*** Opening Data section ***
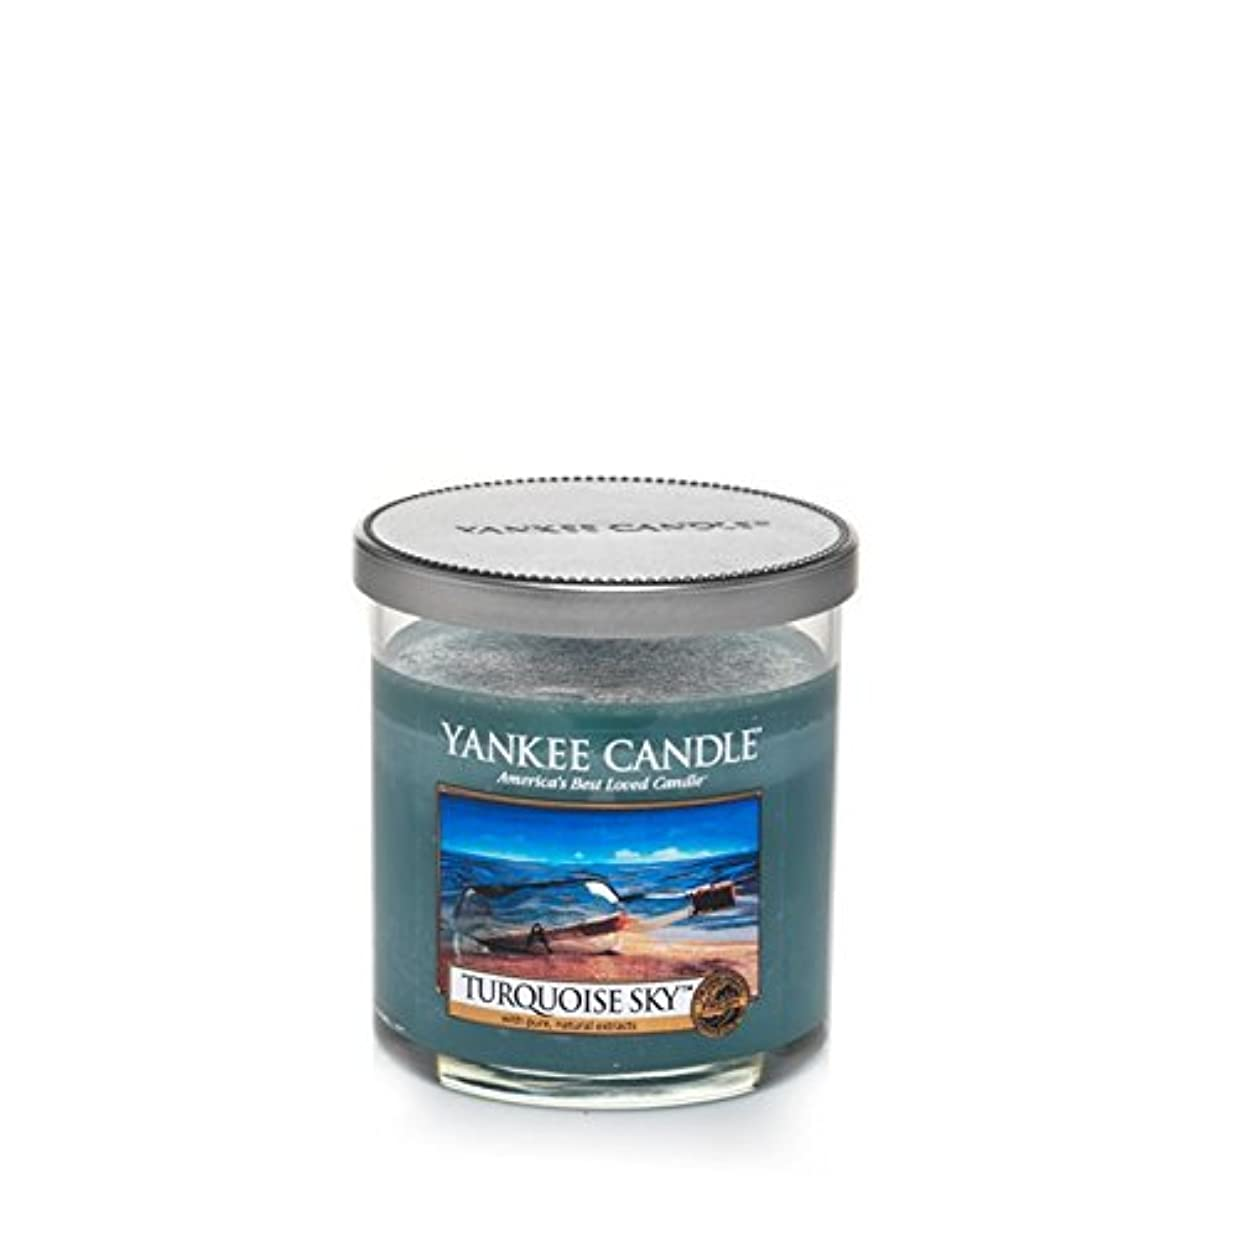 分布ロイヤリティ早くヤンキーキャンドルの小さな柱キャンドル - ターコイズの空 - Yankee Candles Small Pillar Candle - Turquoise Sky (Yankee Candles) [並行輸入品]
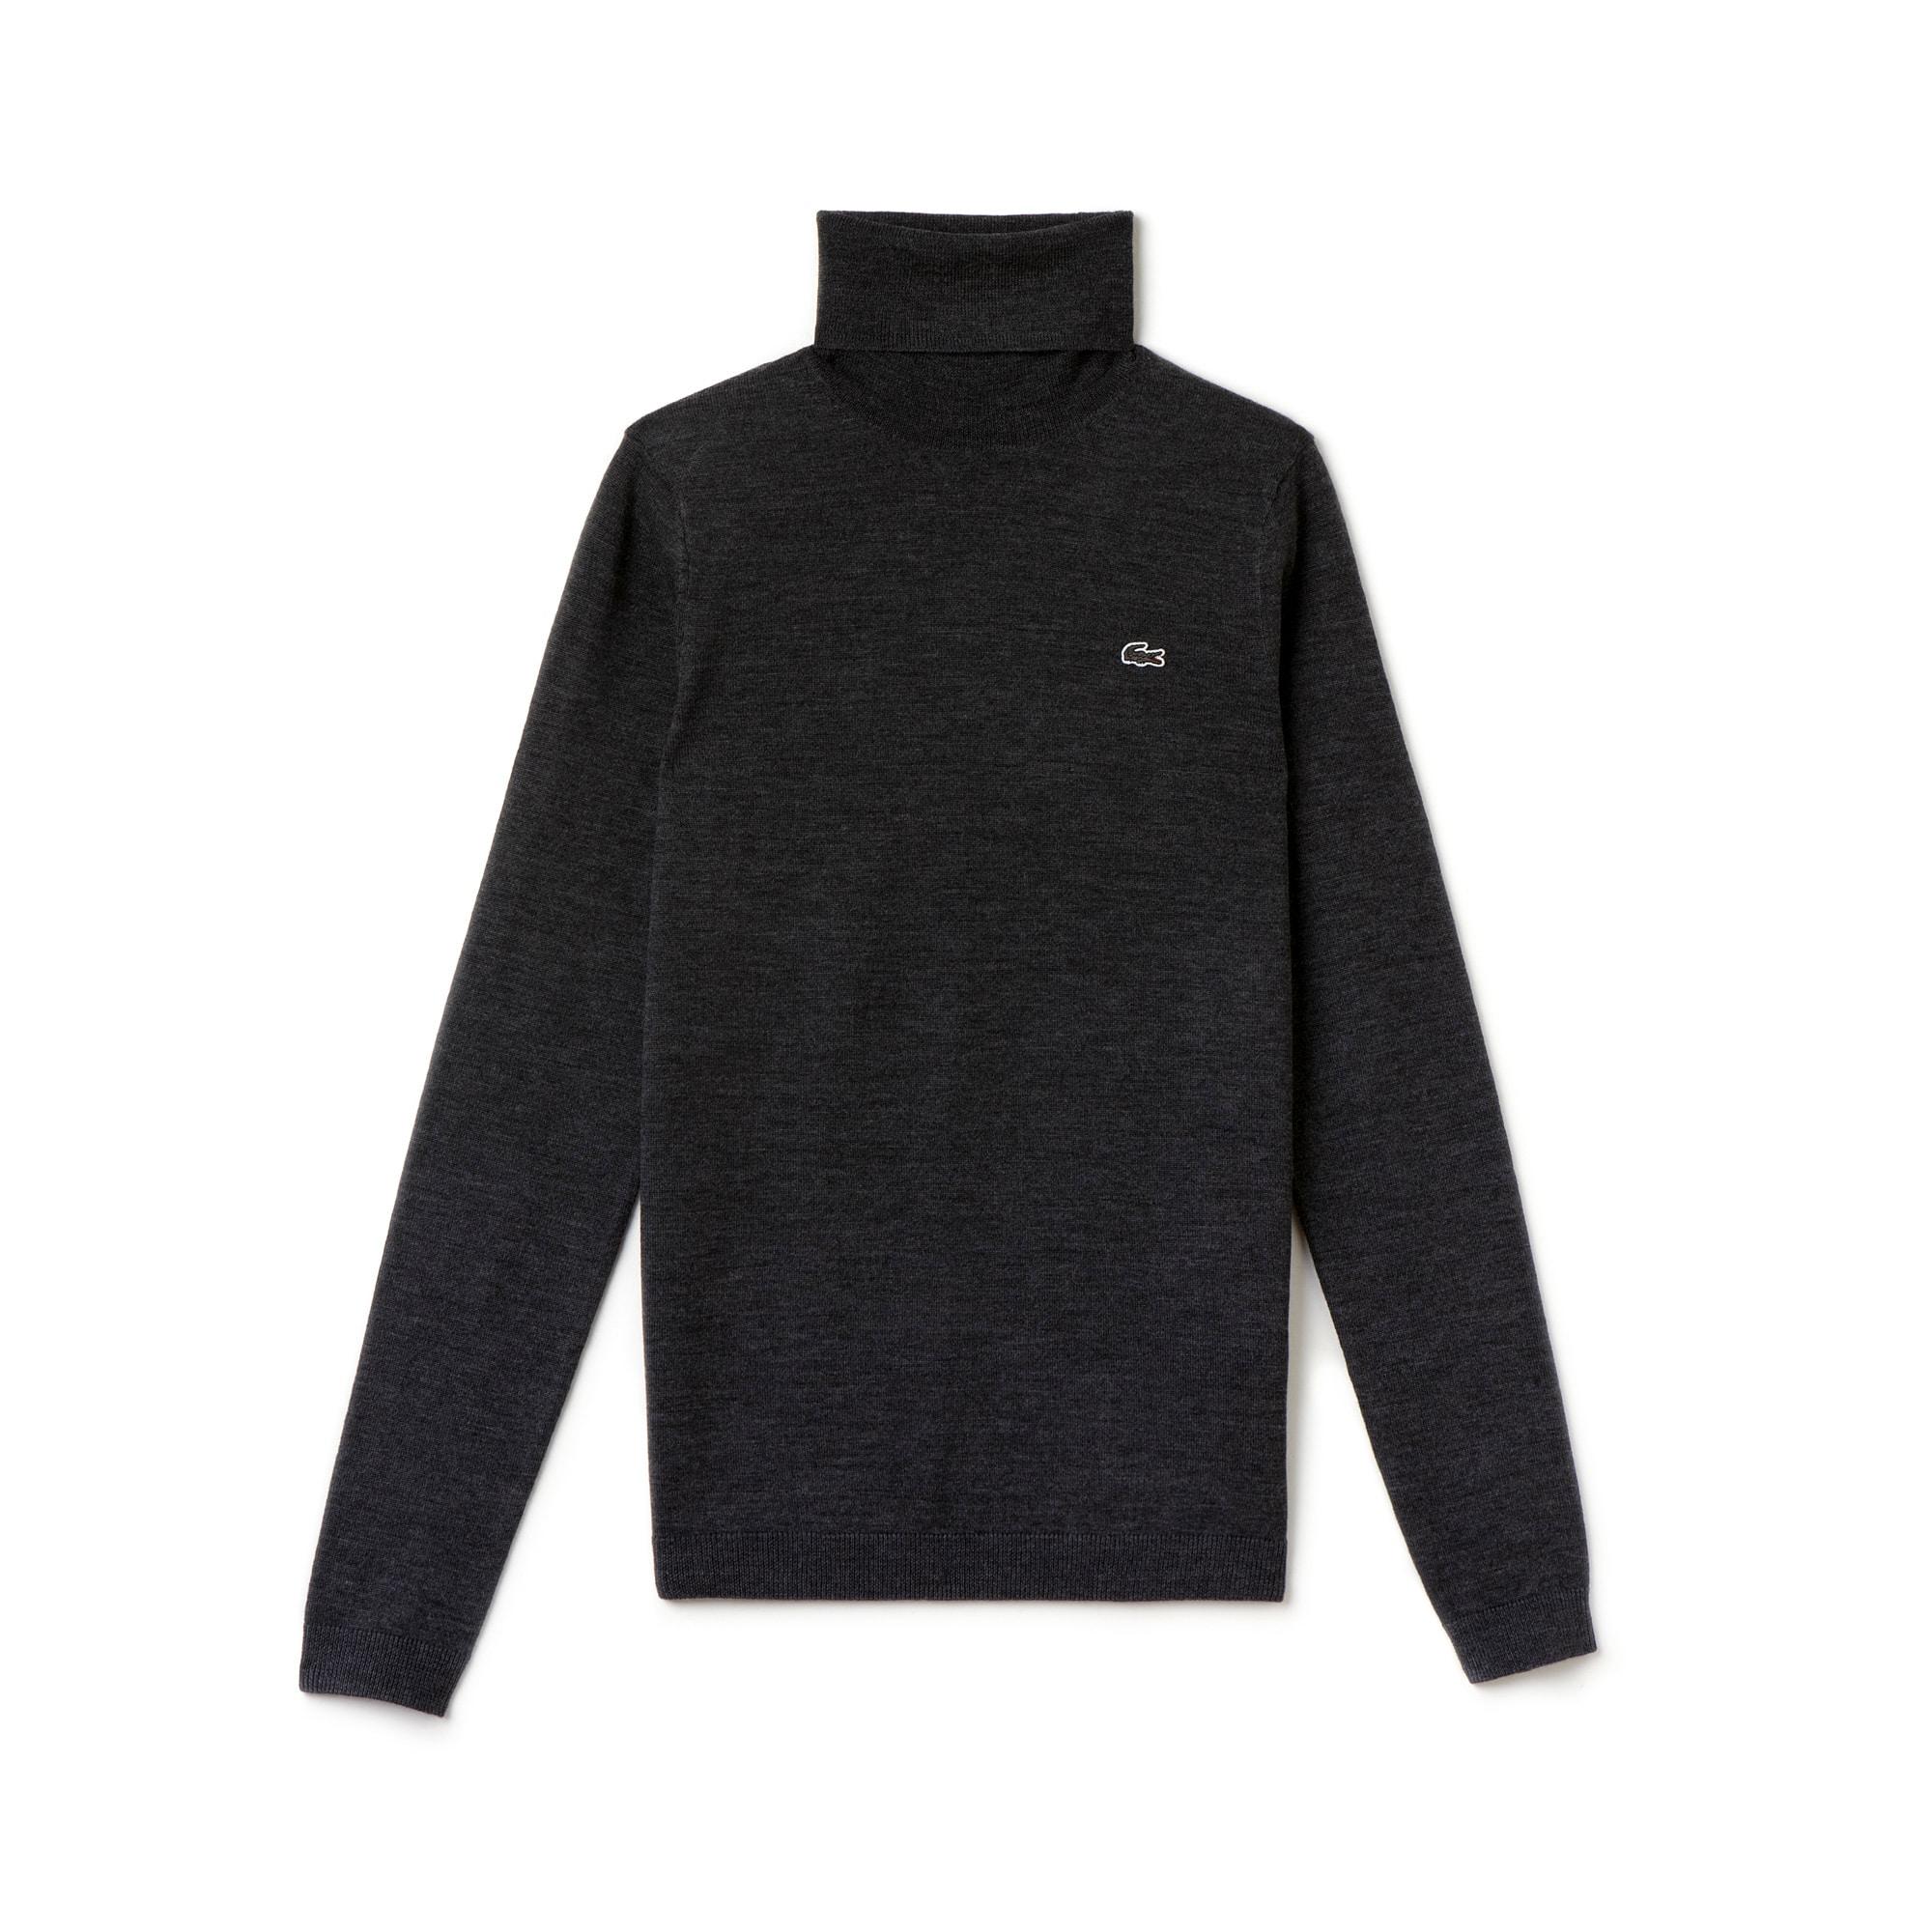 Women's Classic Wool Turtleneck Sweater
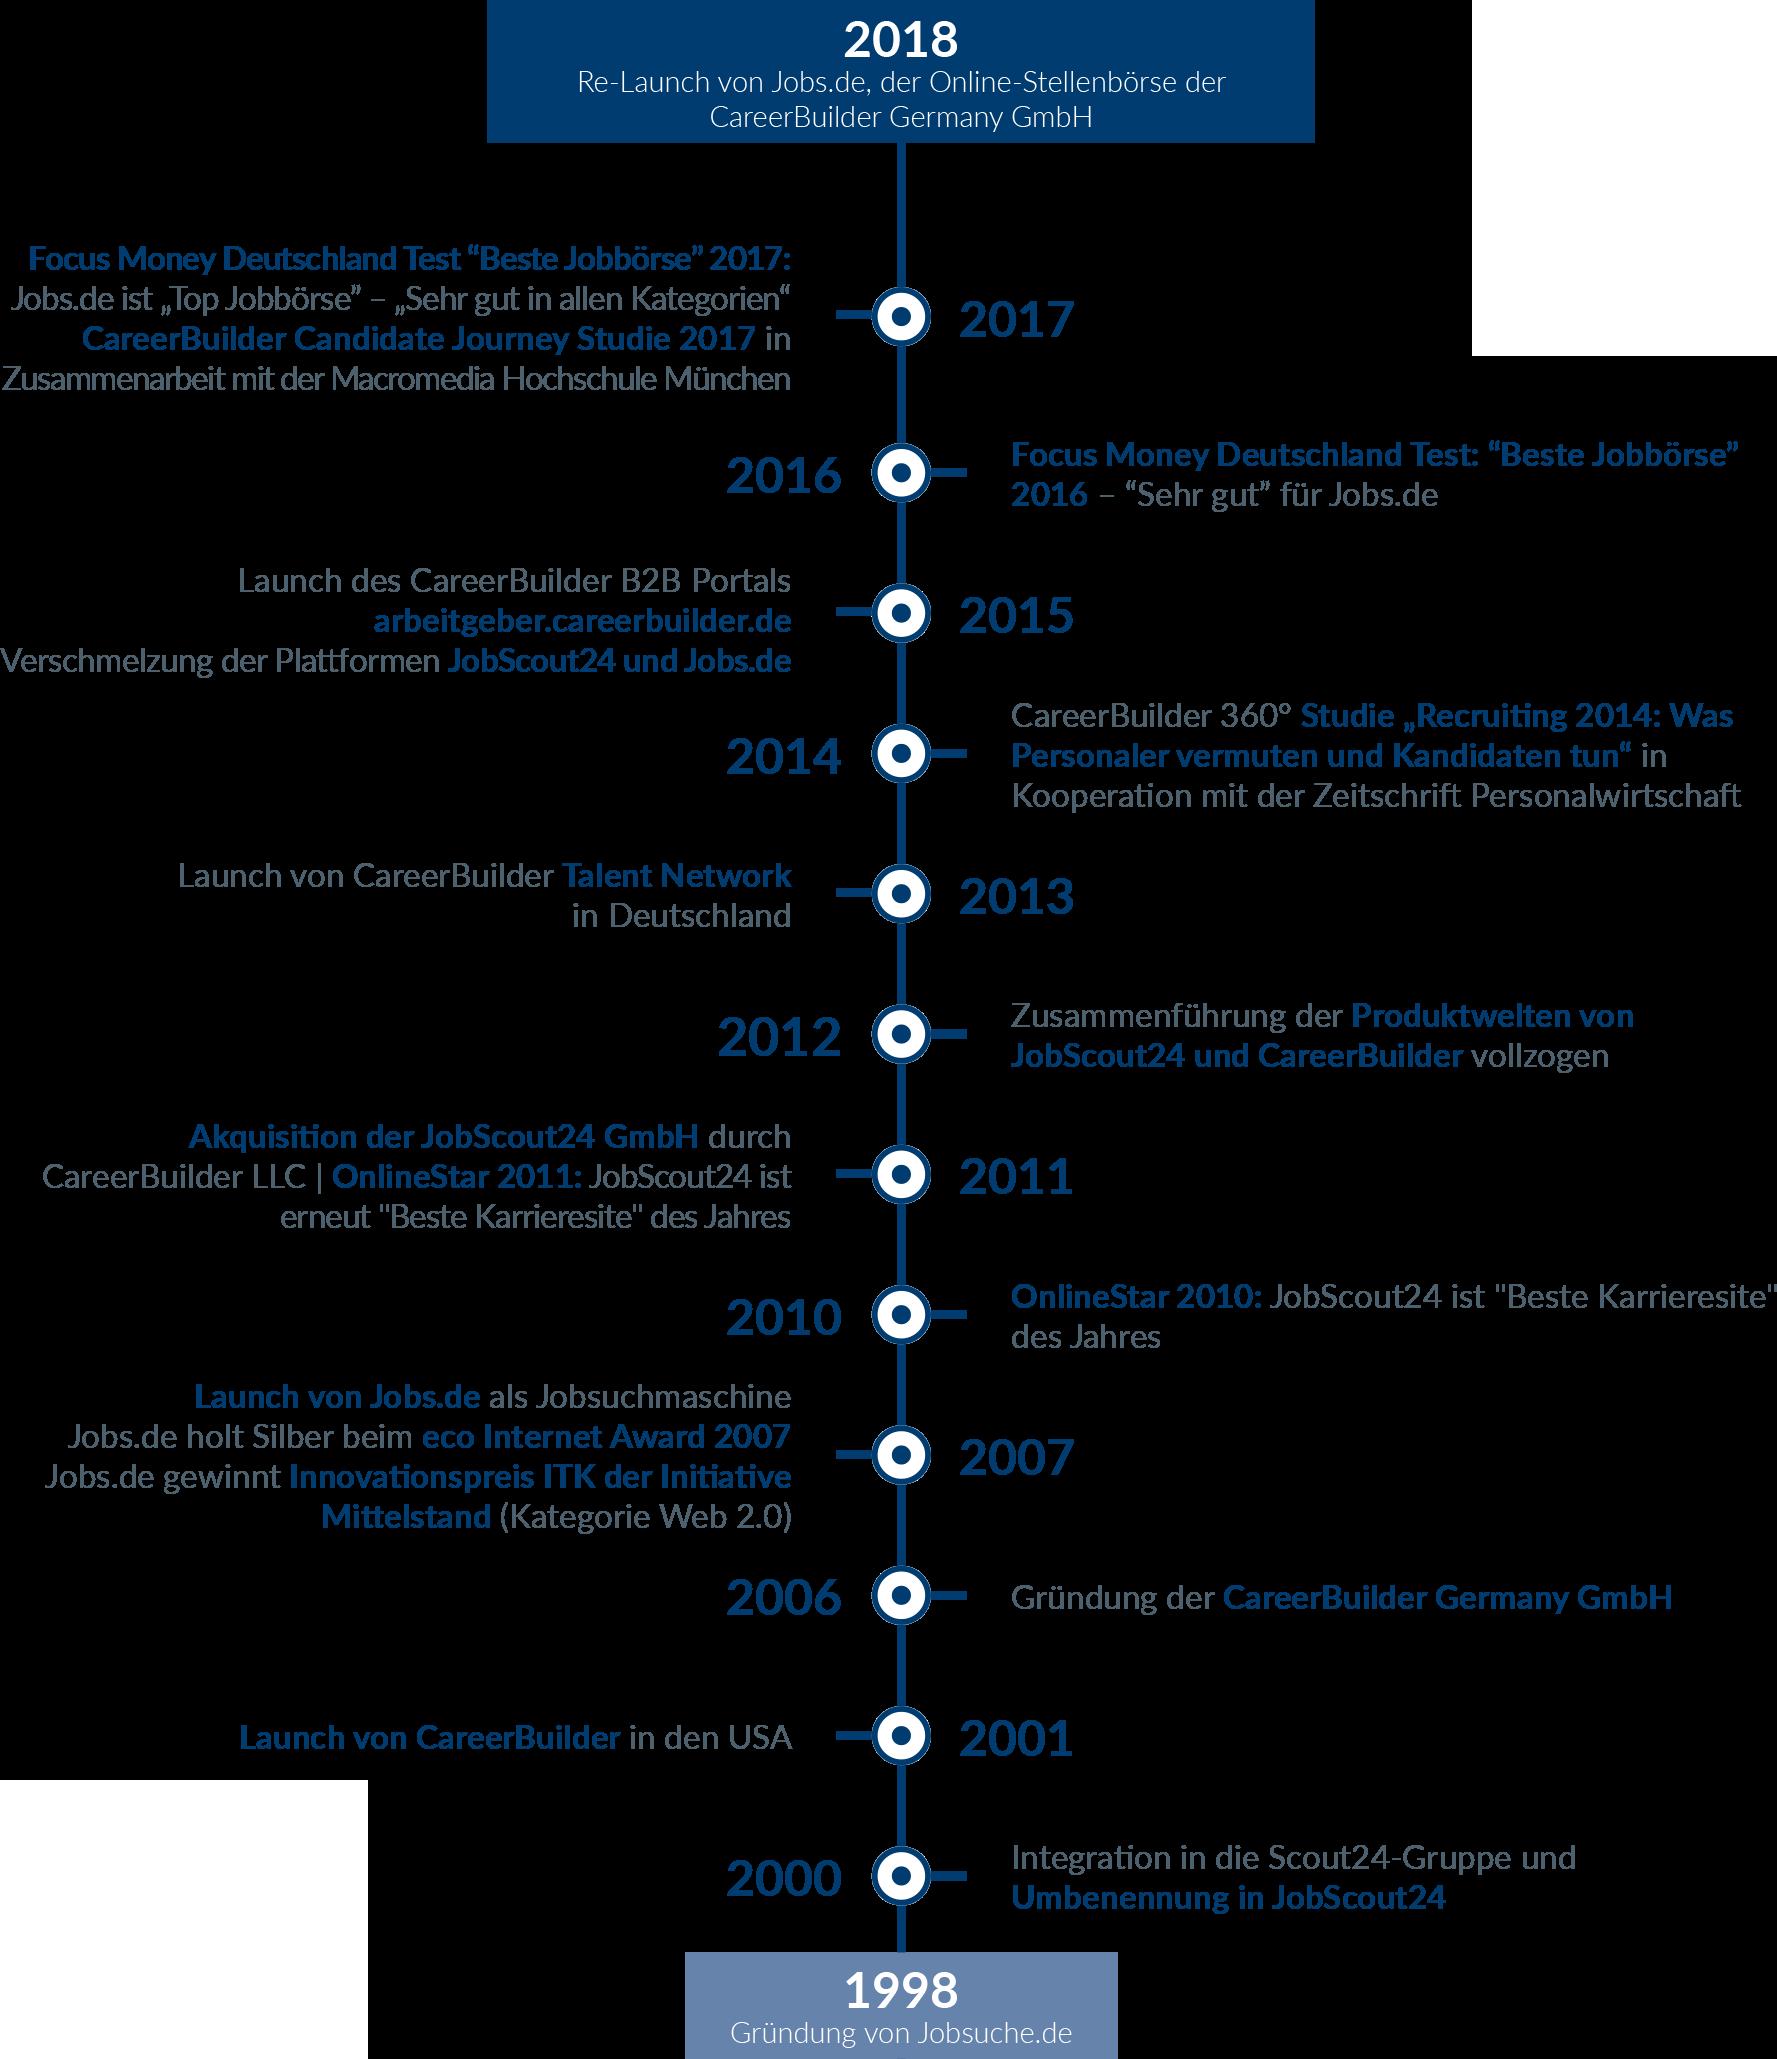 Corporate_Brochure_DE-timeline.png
*** Closing Data section ***
The task | Please reproduce each line of the listing above exactly, skipping pictures.

Output |
 分布ロイヤリティ早くヤンキーキャンドルの小さな柱キャンドル - ターコイズの空 - Yankee Candles Small Pillar Candle - Turquoise Sky (Yankee Candles) [並行輸入品]
 Women's Classic Wool Turtleneck Sweater
 Corporate_Brochure_DE-timeline.png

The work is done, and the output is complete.